< Lukas 11 >

1 En het geschiedde, toen Hij in een zekere plaats was biddende, als Hij ophield, dat een van Zijn discipelen tot Hem zeide: Heere, leer ons bidden, gelijk ook Johannes zijn discipelen geleerd heeft.
I stalo se, když byl na jednom místě, modle se, že když přestal, řekl k němu jeden z učedlníků jeho: Pane, nauč nás modliti se, jako i Jan učil učedlníky své.
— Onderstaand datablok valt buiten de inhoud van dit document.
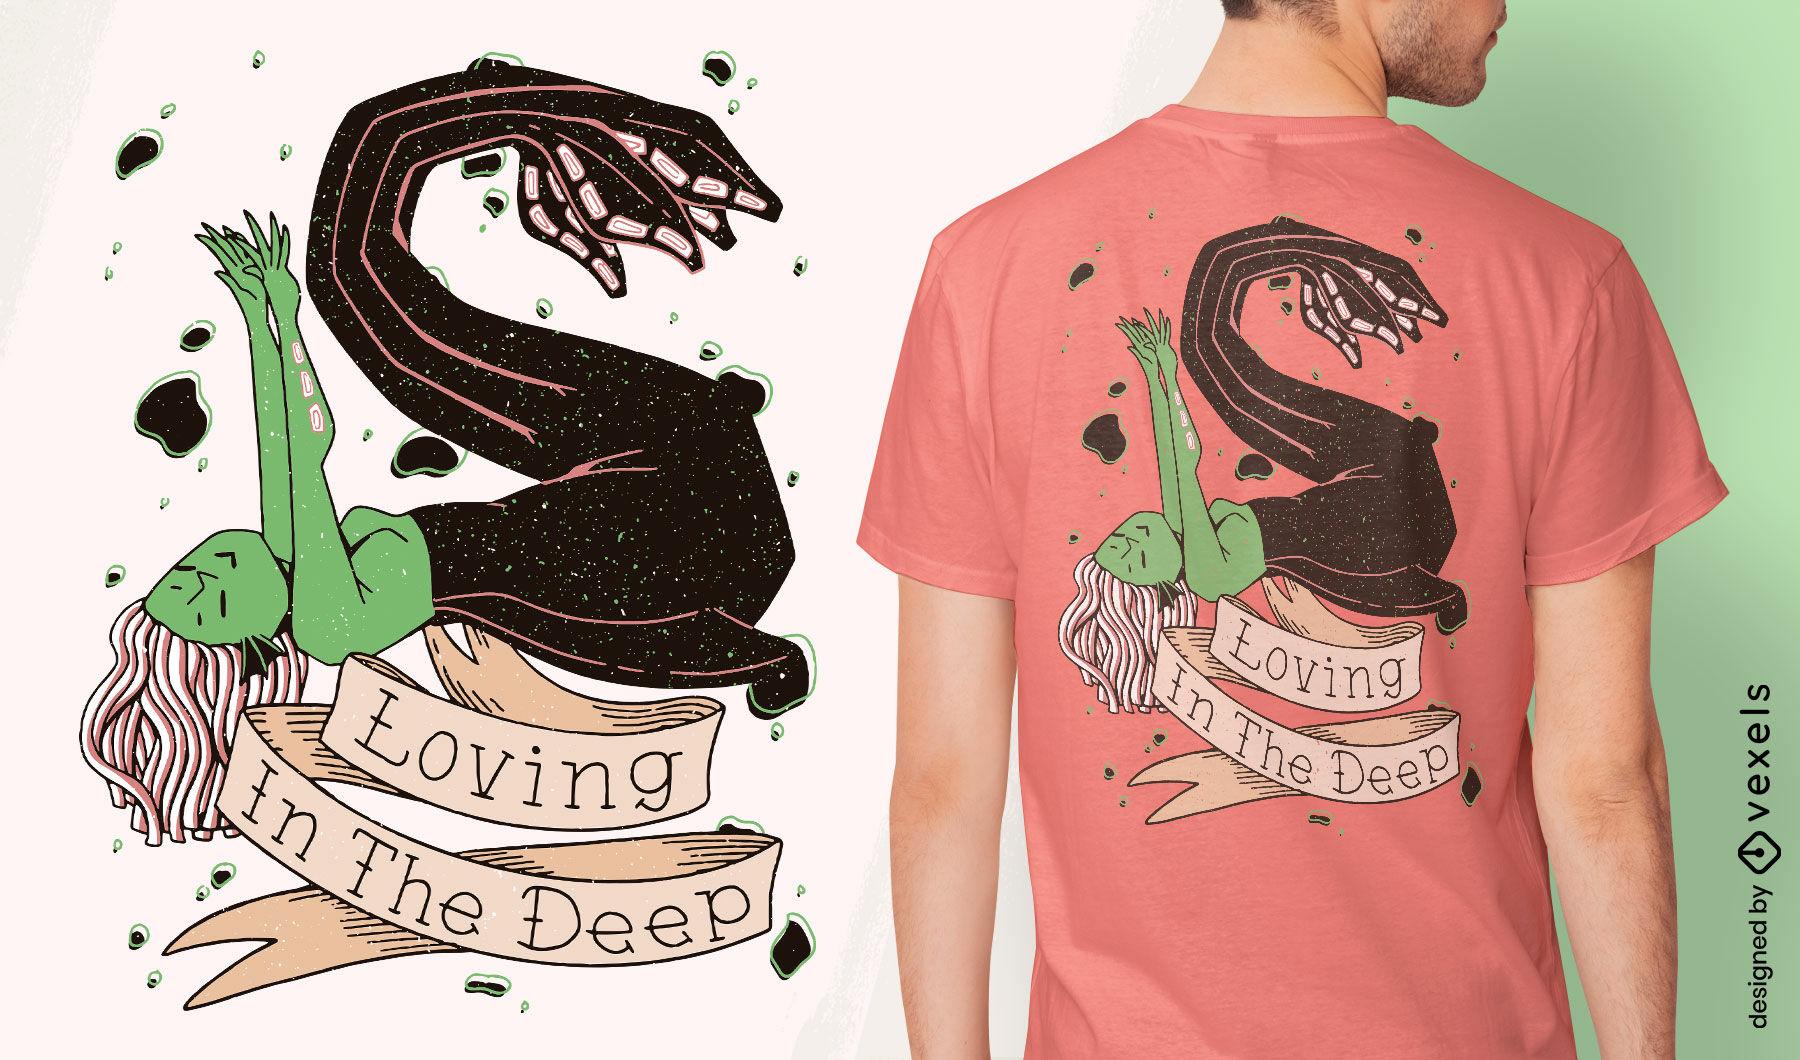 Mermaid creepy sea creature t-shirt design

2 En Hij zeide tot hen: Wanneer gij bidt, zo zegt: Onze Vader, Die in de hemelen zijt! Uw Naam worde geheiligd. Uw Koninkrijk kome. Uw wil geschiede, gelijk in den hemel, alzo ook op de aarde.
I řekl jim: Když se modlíte; říkejte: Otče náš, jenž jsi v nebesích, posvěť se jméno tvé. Přijď království tvé. Buď vůle tvá, jako v nebi tak i na zemi.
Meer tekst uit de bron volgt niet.